In the preparation of the ketch, and in working out the details of his plan, Decatur was ably seconded by his first lieutenant. The expedition for the destruction of the Philadelphia was exactly suited to a man of Lawrence's vigorous and imaginative temperament.

If a precise record remained of that immortal expedition,—the six days of storm and tempest, in which the ketch, ill ventilated and crowded with men who were wet to the skin most of the time and half starved because their provisions were spoiled by salt water, was blown about the African coast,—how surpassingly interesting it would be! It is known, however, that both officers and men not only kept up their determination, but their gayety. On that February evening when the ketch stole in and made fast to the Philadelphia to destroy her, Lawrence, next to Decatur, bore the most active part. It was he who commanded the boat that put out from the ketch and coolly fastened a hawser to the forechains of the doomed frigate; and it was he who intercepted the frigate's boat and took the fast from it and passed another line from the Philadelphia's stern into the ketch. When Decatur shouted, "Board!" Lawrence was among the first to land on the quarterdeck, and as soon as that was cleared, he dashed below, accompanied by two midshipmen, as intrepid as himself,—Mr. Laws and the indomitable Macdonough,—with ten men, and fired the berth-deck and all the forward storerooms. Nothing is more extraordinary than the quickness and precision with which every order was carried out on that night of glory. Lawrence and his party were in the ship less than twenty-five minutes, yet they were the last to drop into the ketch.[20] On their return after this celebrated adventure, Lawrence received his due share of praise.
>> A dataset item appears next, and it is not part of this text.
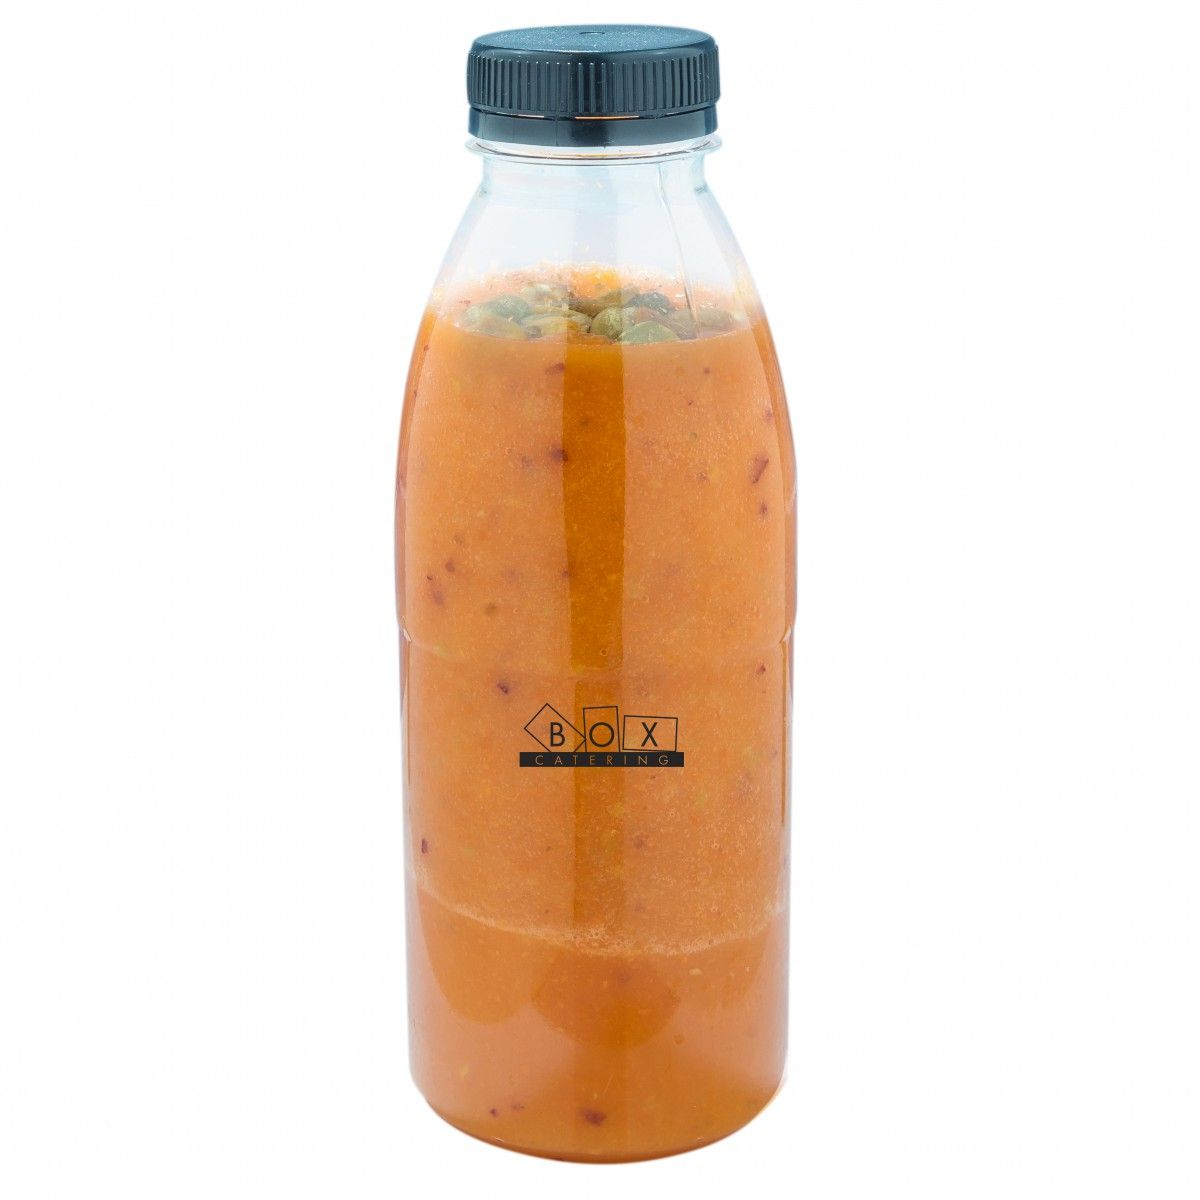 Смузи яблочно-морковный фото 1

There was much hard work to be done by every officer in the squadron before it was ready to attack Tripoli in August, 1804, and Lawrence, as first lieutenant, did his part. Once before Tripoli, there was severe fighting as well as hard work. The fact that Decatur was taken out of his ship so often to lead a division of the boats, left the command of the Enterprise much to Lawrence, and he handled the little schooner in the most seamanlike manner.

In the winter of 1804-5 the government determined to build a number of small gunboats, to renew the attacks on Tripoli in the summer. Some of the lieutenants who had returned to the United States in the changes necessary in the squadron, were selected to take them out to the Mediterranean. Lawrence, who had come back to the United States after spending two years in the Mediterranean, was given the command of one of these little vessels, Number Six,—for they were thought to be too insignificant to name and consequently were merely numbered. They carried a large spread of canvas, but their gunwales were so near the water that they looked rather like rafts than boats. On the way over, Lawrence was sighted by the British frigate Lapwing, which sent a boat to rescue them, supposing them to be on a raft after a shipwreck. Lawrence thanked the officer in charge of the boat, but proceeded on his way.

Commodore Rodgers was then in command of the American force which again appeared before Tripoli in May, 1805; and without firing a gun a treaty of peace and the release of the Philadelphia's officers and men were secured. The squadron then sailed for Tunis, where it intimidated the Tunisians into good behavior and negotiated a treaty of peace under the threat of a bombardment.

Soon after most of the vessels returned home. Lawrence recrossed the ocean again in his gunboat, and commanded her for some time after.

On the 22d of June, 1807, occurred the painful and mortifying rencounter of the Chesapeake, frigate, with the British frigate Leopard, one of the most far-reaching events in the American navy. As the name of Lawrence will ever be connected with the unfortunate Chesapeake, the story of that unhappy event can be told here.

The Chesapeake was a comparatively new ship, carrying thirty-eight guns, and was put in commission to relieve the Constitution in the Mediterranean. She seems to have been an unpopular ship from the first, as she was thought to be weak for her size, and was a very ordinary sailer. She was to wear the broad pennant of Commodore James Barron, who had Captain Gordon as his flag captain. Both of these men were esteemed excellent officers.

The Chesapeake was fitted partly at the Washington Navy Yard and partly at the Norfolk Navy Yard. There had been a charge that she had among her crew three deserters from the British frigate Melampus. The charge had been investigated, however, and found to be a mistake. It was known that the Leopard, of fifty guns, was hanging about outside the capes of Virginia, but it was not suspected that she would attempt to stop the Chesapeake. The British government, arrogant in its dominion over the sea, had claimed and exercised the right of searching merchant vessels; and the United States, a young nation, with a central government which was still an experiment as well as an object of jealousy to the State governments, had submitted from not knowing exactly how to resist. But with a ship of war it was different, and neither the authorities nor the people of the United States dreamed that any attempt would be made to violate the deck of a national vessel.

There seems to have been great negligence in preparing the Chesapeake for sea, and when she sailed she was in a state of confusion, her decks littered up, and none of the apparatus used in those days for firing great guns was available. Neither was her crew drilled, having been at quarters only three times. Her officers were men of spirit, but there seems to have been a fatal laxness in getting her ready for sea.